0

I have tried to this answer to find all permutations of size K=6 of an array of strings, but the array I'm permuting is way too large (~13,000 elements but I can guarantee most of those will be duplicates), which means I'm getting:

....
re-permuting with 6925/12972
node:internal/console/constructor:257
   value: function(streamSymbol, string) {
                   ^
RangeError: Maximum call stack size exceeded  
    at console.value (node:internal/console/constructor:257:20)  
    at console.log (node:internal/console/constructor:359:26)  
    at permute (/home/path/to/code/permutation.js:22:17)  
    at permute (/home/path/to/code/permutation.js:23:9)  
    .....
re-permuting with 6924/12972
....
re-permuting with 6918/12972

And then it dies. I guessed that is the recursion that's the problem.

I know that there's at most ~300 unique elements in my input (which is how I know that many of the array elements must be duplicates), but I don't know if that's 10,000 instances of one element, and then the rest are individually unique elements or at least K of each unique element. Because of that I can't just fed them into a Set, and there maybe fewer than K of one element so I can't just create a new input by duplicating the new ones K times.

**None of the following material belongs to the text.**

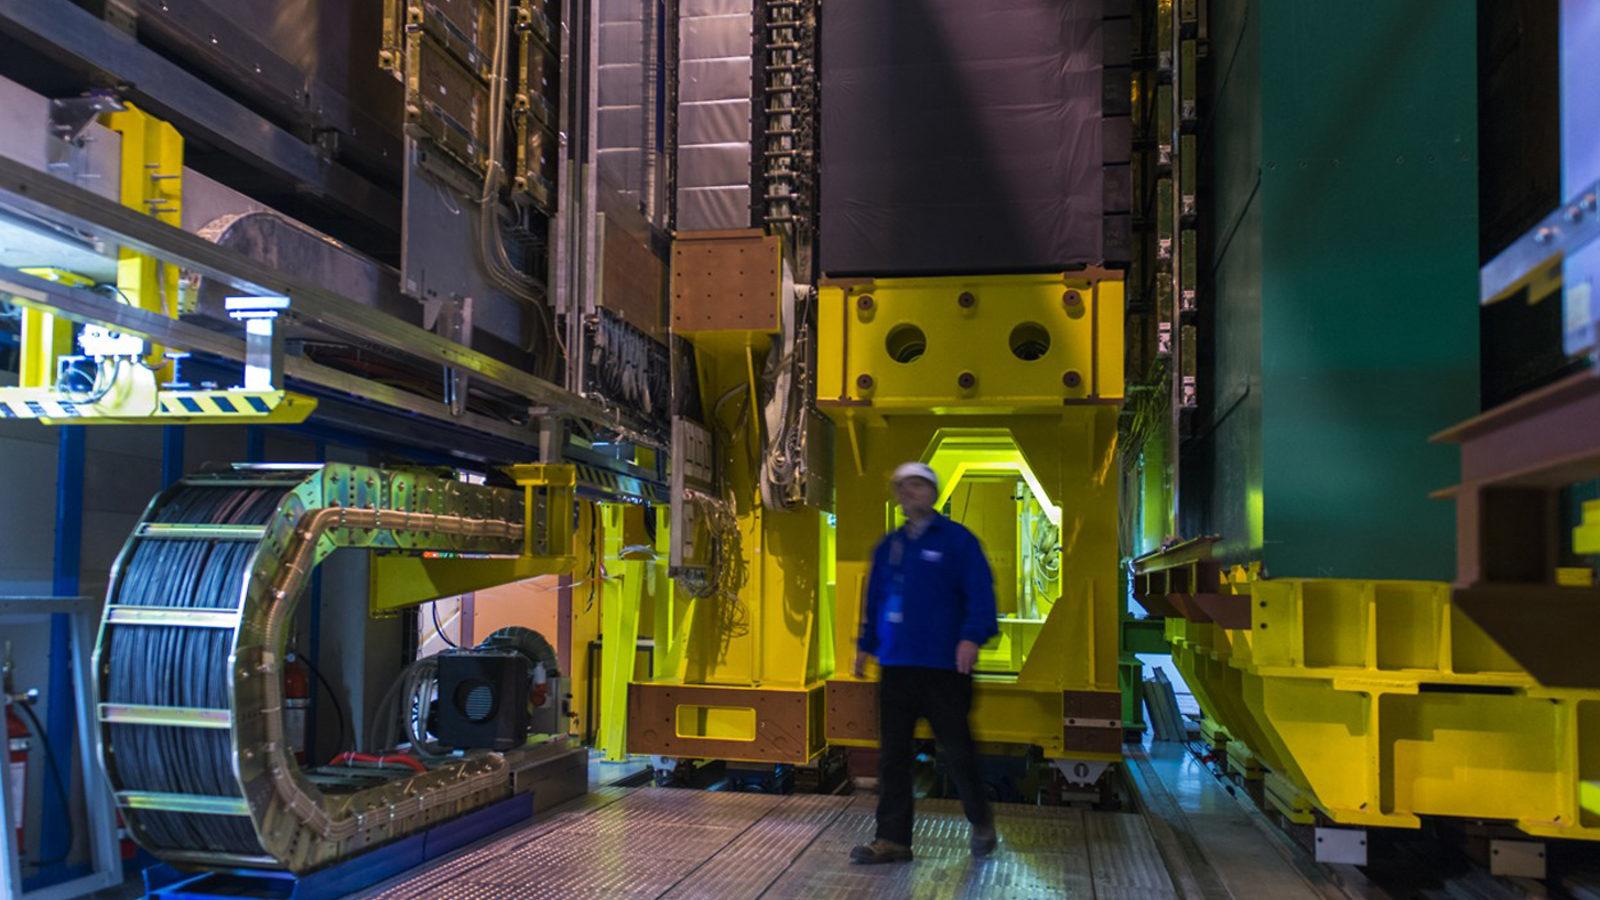 Photo: LHCb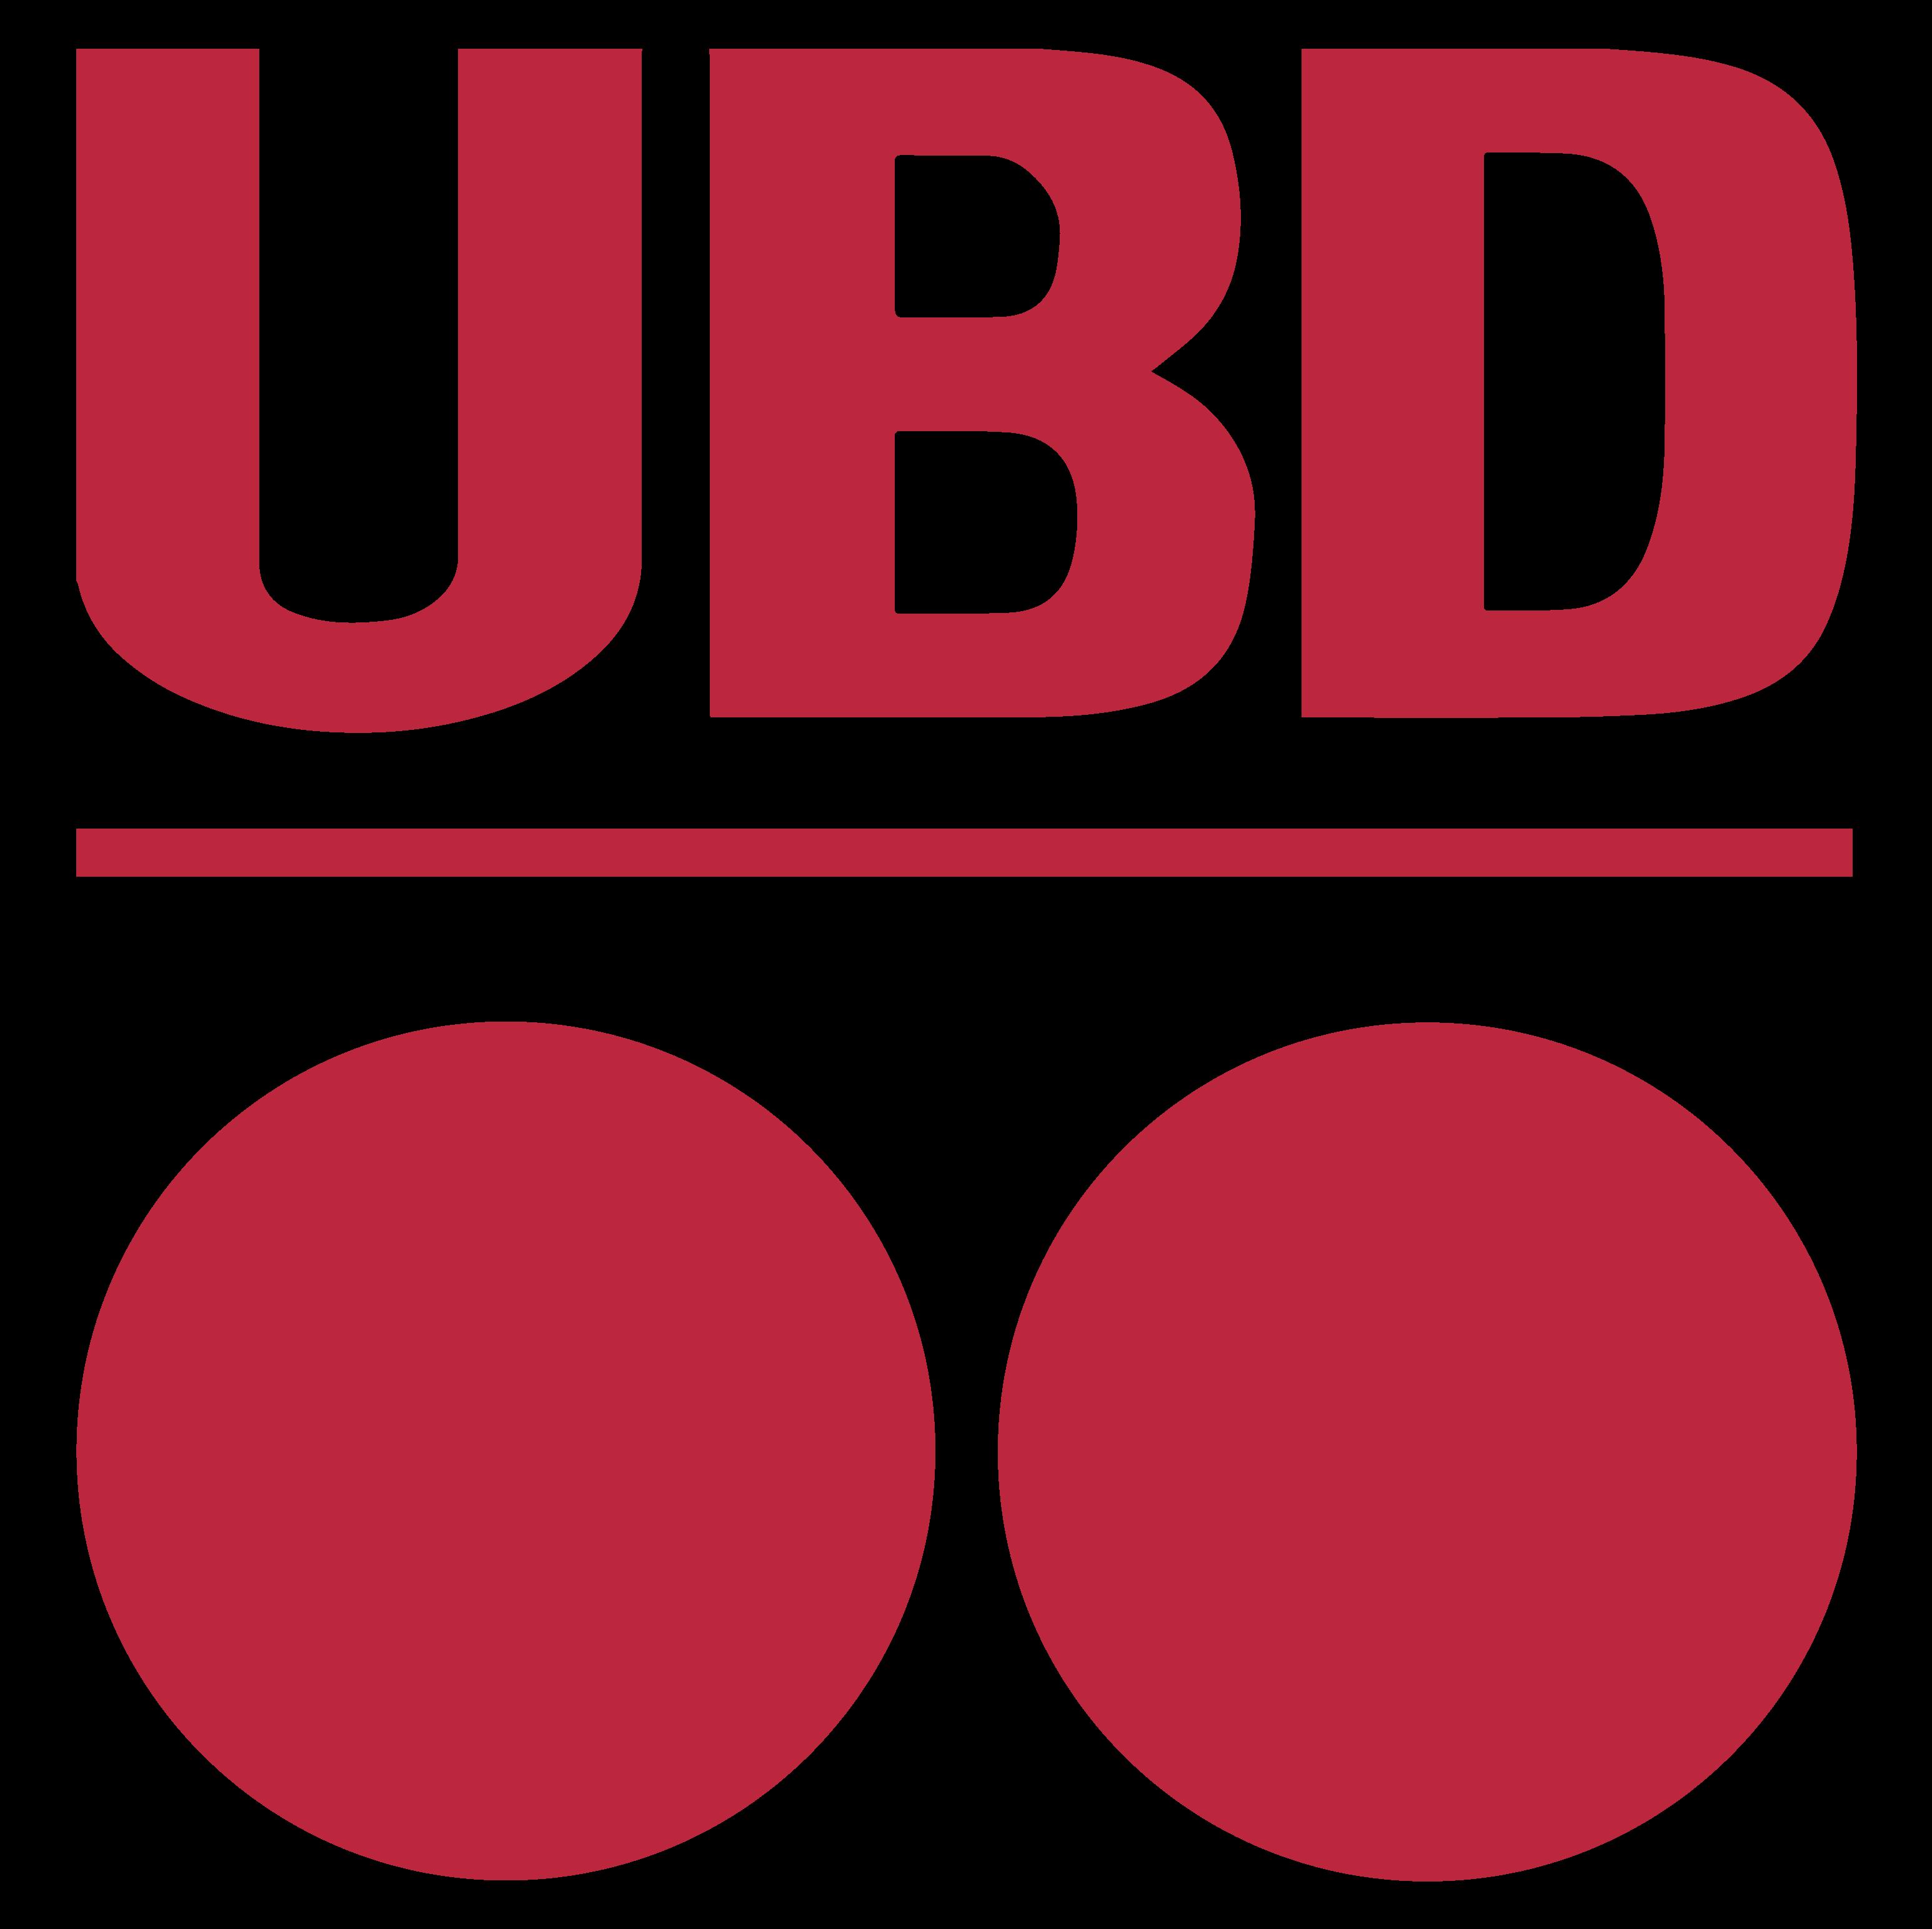 UBD – Ugebladsdistributionen

Here is my slightly modified (for readability and logging only) version of the code from the above linked answer (on second look, this algorithm is far from optimal):

let permArr = [];
let usedChars = [];
let originalLength;
/**
 * Subsets of permutations of an array
 * @param {any[]} input array of elements to permute
 * @param {number} subsetLength size of the subsets to return
 * @returns {Array[]} and array of arrays
 */
function permute(input, subsetLength = input.length) {
    let index
    let ch;
    originalLength ??= input.length;
    for (index = 0; index < input.length; index++) {
        ch = input.splice(index, 1)[0];
        usedChars.push(ch);
        if (input.length == 0) {
            let toAdd = usedChars.slice(0, subsetLength);
            // resizing the returned array to size k
            if (!permArr.includes(toAdd)) permArr.push(toAdd);
        }
        console.log(`re-permuting with ${input.length}/${originalLength}`)
        permute(input, subsetLength);
        input.splice(index, 0, ch);
        usedChars.pop();
    }
    return permArr
};

And I found this answer but I do not follow it at all, and this other answer is similar but still uses recursion.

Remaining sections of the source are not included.